We have the true labels i.e. y_test and the predicted labels y_pred. Now is a good time to see that how good our Classifier is i.e. how many labels did the Classifier Misclassify or classify correctly. So, let's calculate this.

In [30]:
# Number of Misclassified Labels
print('Number of Misclassified Labels: {}'.format((y_pred != y_test).sum()))
Number of Misclassified Labels: 6

Well our Classifier Misclassified only "6" values. But out of how many ??

In [31]:
print('Total Predicted Values: ',len(y_pred))
Total Predicted Values:  140

Woww !! Out of 140 values, only 6 values were Misclassified by our Trained Classifier.

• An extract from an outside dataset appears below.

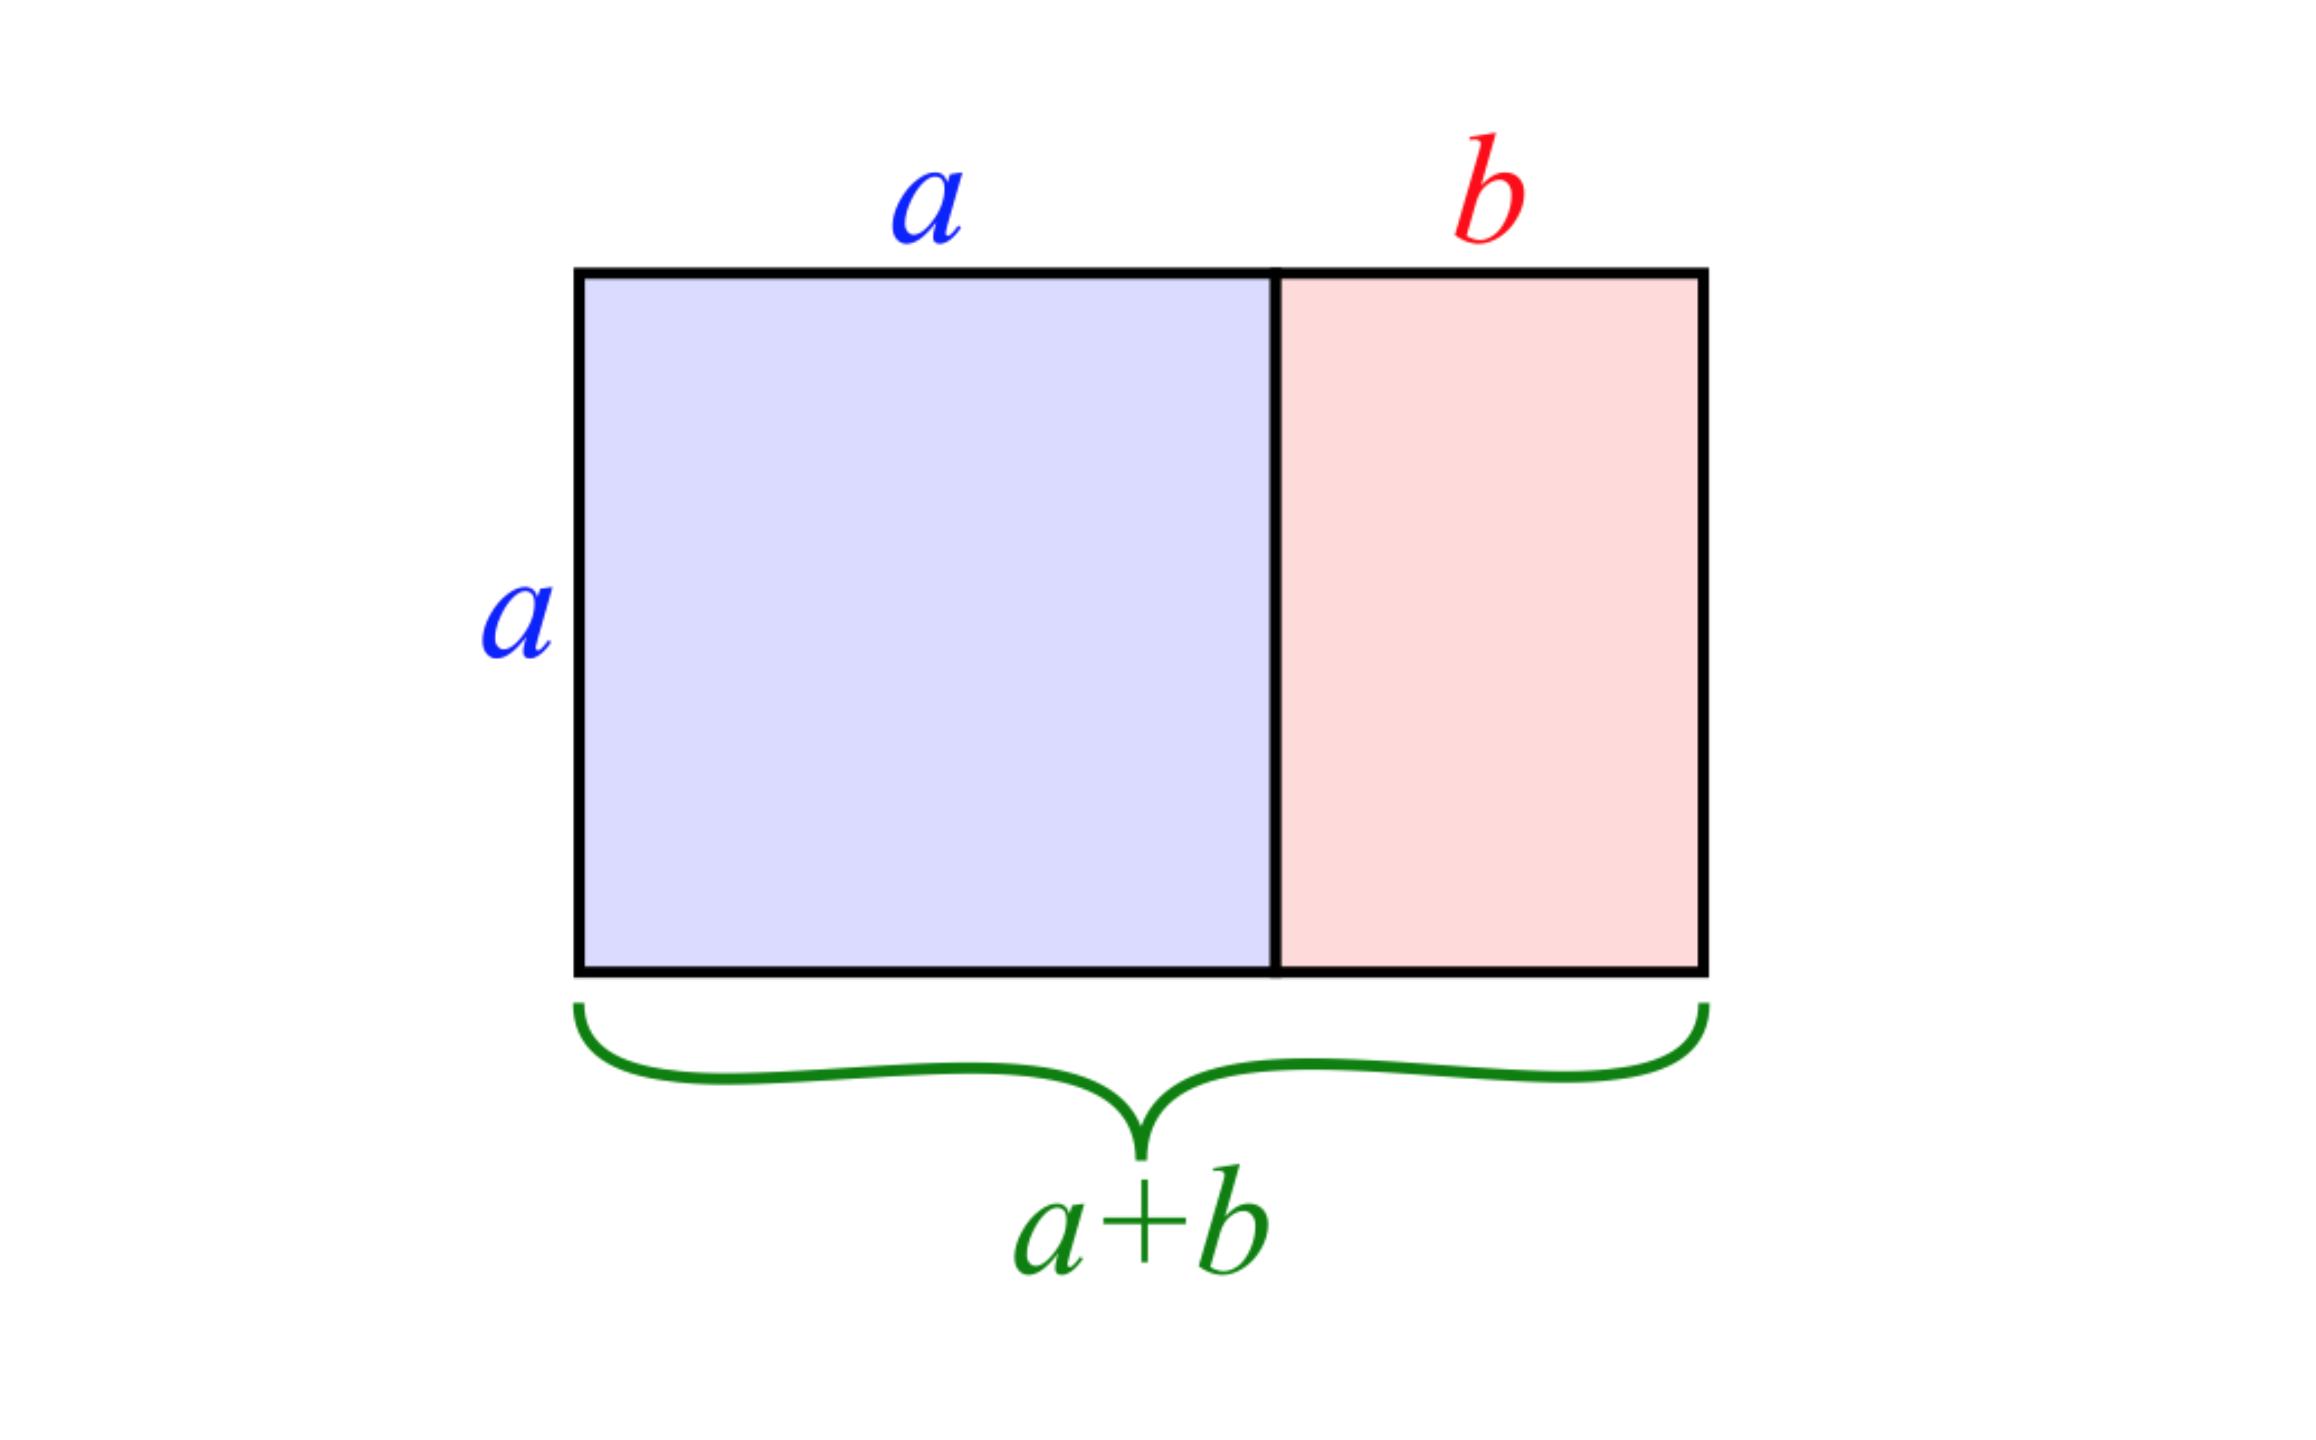 Illustration of the golden rectangle

That's pretty impressive. Let's calculate the confidence and accuracy score for this.

In [32]:
# Confidence
confidence = clf.score(X_test, y_test)
print('Confidence of Classifier: ',confidence)
Confidence of Classifier:  0.957142857143

So, our Classifier is 95% confident of its predictions. That is what we saw above where only 6 values were misclassified from 140. Pretty good.

In [33]:
# Accuracy Score
acc = accuracy_score(y_test,y_pred)
print('Accuracy Score of Classifier: ',acc)
Accuracy Score of Classifier:  0.957142857143

Let's check the Confusion Matrix to see the number of True positive and False Positives.

In [34]:
# Confusin Matrix
conf = confusion_matrix(y_test, y_pred)
print('Confusion Matrix: \n',conf)
Confusion Matrix: 
 [[91  1]
 [ 5 43]]

These values show that we have 91 True Positive values, 5 False Positive Values. Also, we have 1 False Negative Value and 43 True negative Values predicted.